And then I saw him a couple of days later and it was really just about fine, it was not a big sprain, but I saw him and I started limping very badly and said, I think I'm going to sue you. And then I had this picture in my mind almost immediately, I thought, you know, I go into court and I say, oh my ankle, and then John comes and says, you think you've got problems? I'm dying. I started laughing and then I told him that and he thought it was really funny. So he was open to that, he wasn't all serious. I think I'll spread this one.

[18:08]

This is infamous, this story. He was a very generous and very sweet person.
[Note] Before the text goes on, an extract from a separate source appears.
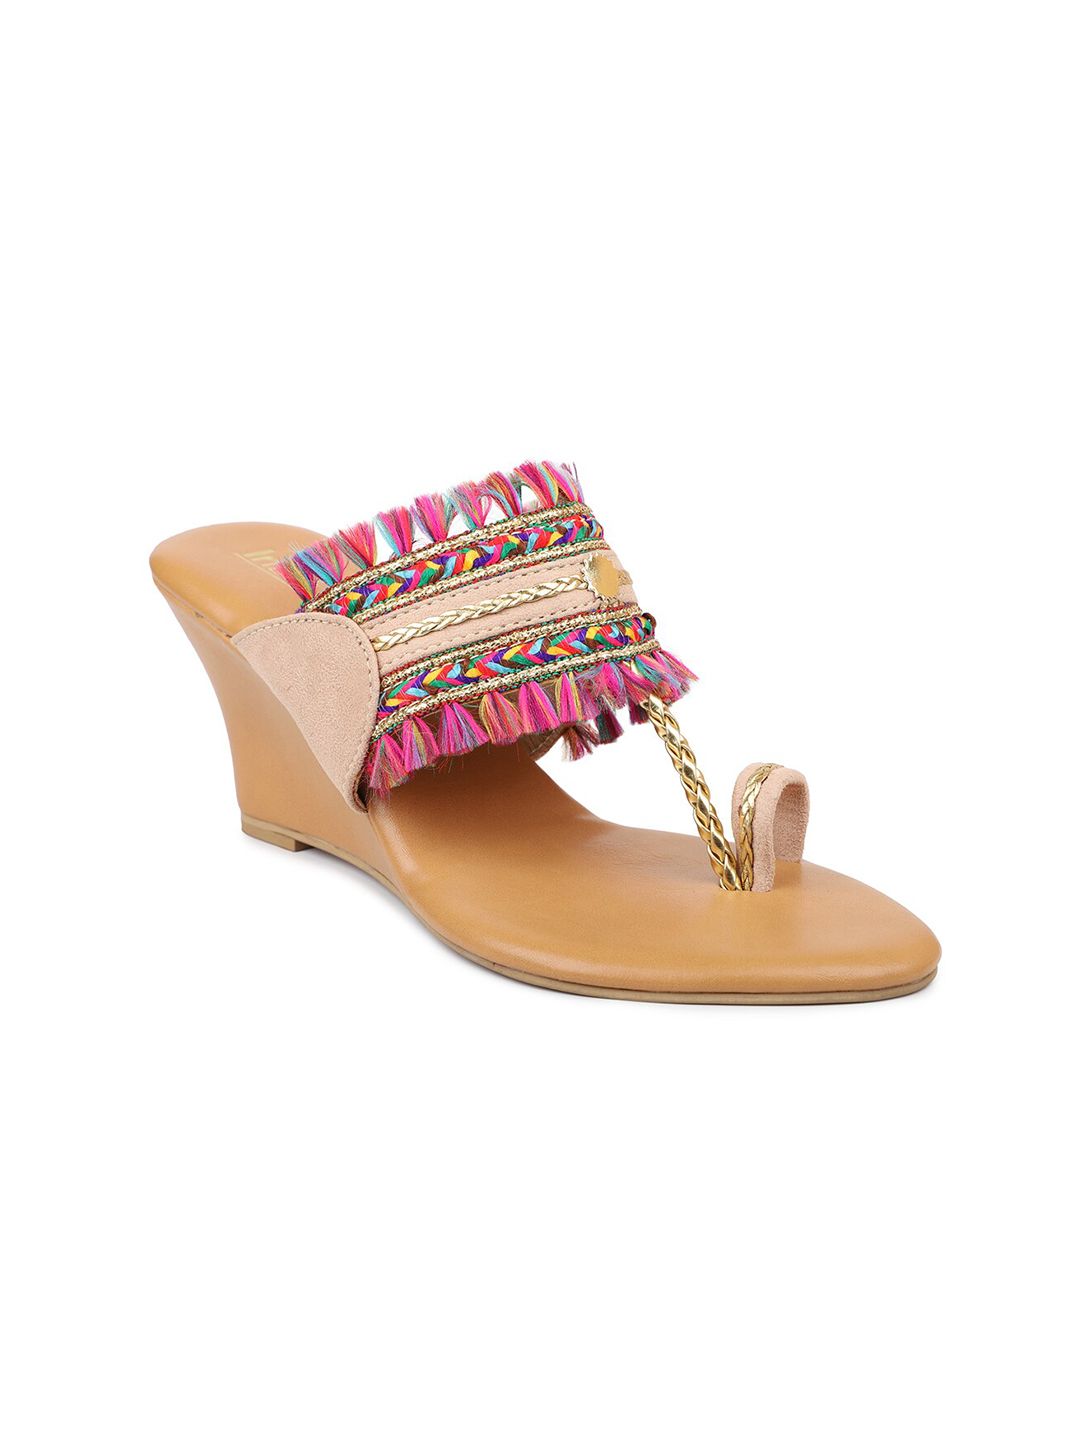 Inc 5 Beige & Pink Embellished Ethnic Wedges Price in India

He also had some control issues, I could say. It takes one to know one. I do too, so I get to say this. It's not exactly a secret. It's also true that he was very, very thoughtful. You know, our stuff and our strengths are often basically the same. So he was very thoughtful. I guess that's why, I don't know, at any rate he insisted on driving his car into Tassajara for a practice period when he was there. Well he had like, I don't know, a Honda sedan or a Toyota Corona or something like that and he did not have chains and it was by no means an SUV and then it had snowed and the road was really icy. And by God, John drove out and he and Mark Lancaster did this.

[19:14]

They actually had some passengers and I remember coming up behind them and they had hit the level where the snow was and the car was like fishtailing and they had the passengers out behind and everybody but I guess the driver was out behind. They were trying to push it up. I used to have a Pathfinder, which is a moderately big SUV. I tried to push them, but the bumpers didn't meet. And I think maybe I did push them some, and I loaned them my chains, which of course were way, way too big. and sort of babied them up the hill, stayed with them, because I was afraid that they were going to go over the side and on the Tassajara side especially, it's very steep cliffs. And it was just agonizing, you know, they'd go a little bit and then they'd have to stop and it was a mess.

[20:15]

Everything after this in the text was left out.